General-purpose model limitations. nomic-embed-text is trained primarily on general English text. For specialised domains — legal contracts, medical notes, source code — a domain-specific embedding model will produce more accurate similarity scores.
Semantic similarity is not factual correctness. A hallucinated but fluent answer on the same topic as the reference may score 0.85+ against it. Use this approach for phrasing equivalence and context grounding detection, not factual accuracy verification.
Performance at scale. Each comparison requires two embedding inference calls. For large test suites — hundreds of pairs — use batch embedding to amortise the overhead.
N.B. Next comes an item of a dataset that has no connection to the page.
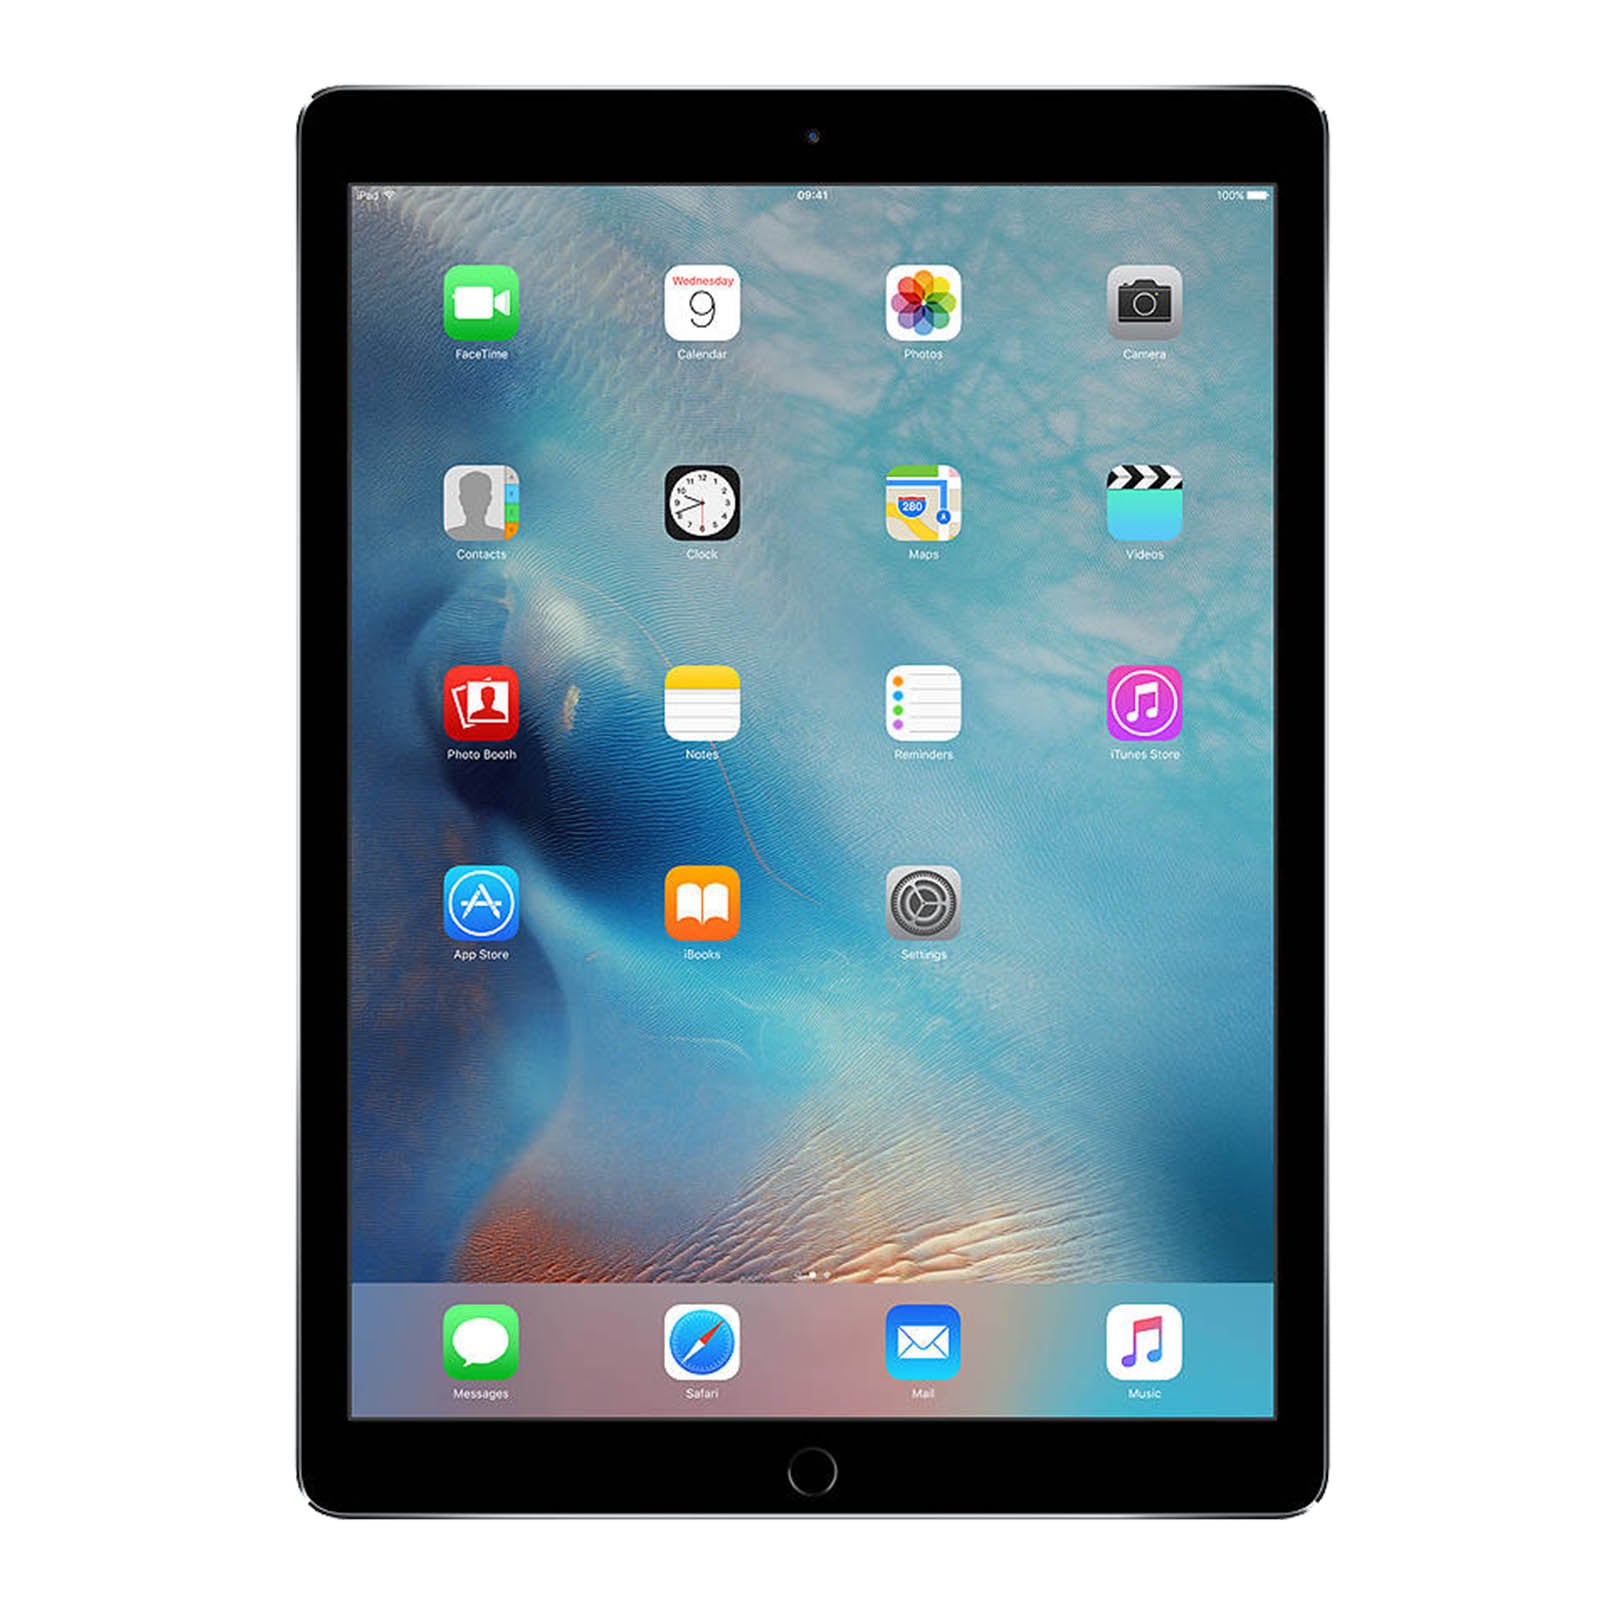 iPad Pro 12.9 Inch 2nd Gen 64GB Space Grey Pristine - WiFi

Language sensitivity. nomic-embed-text is primarily an English model. Cross-language similarity scores are less reliable. For multilingual use cases, consider multilingual-e5-large, which is available through Ollama.
Structured output. Semantic similarity is a poor validator for structured formats — JSON schemas, numbered lists, code. A response can be semantically close to the expected output and still be structurally malformed. Always combine similarity scoring with format validation for structured tasks.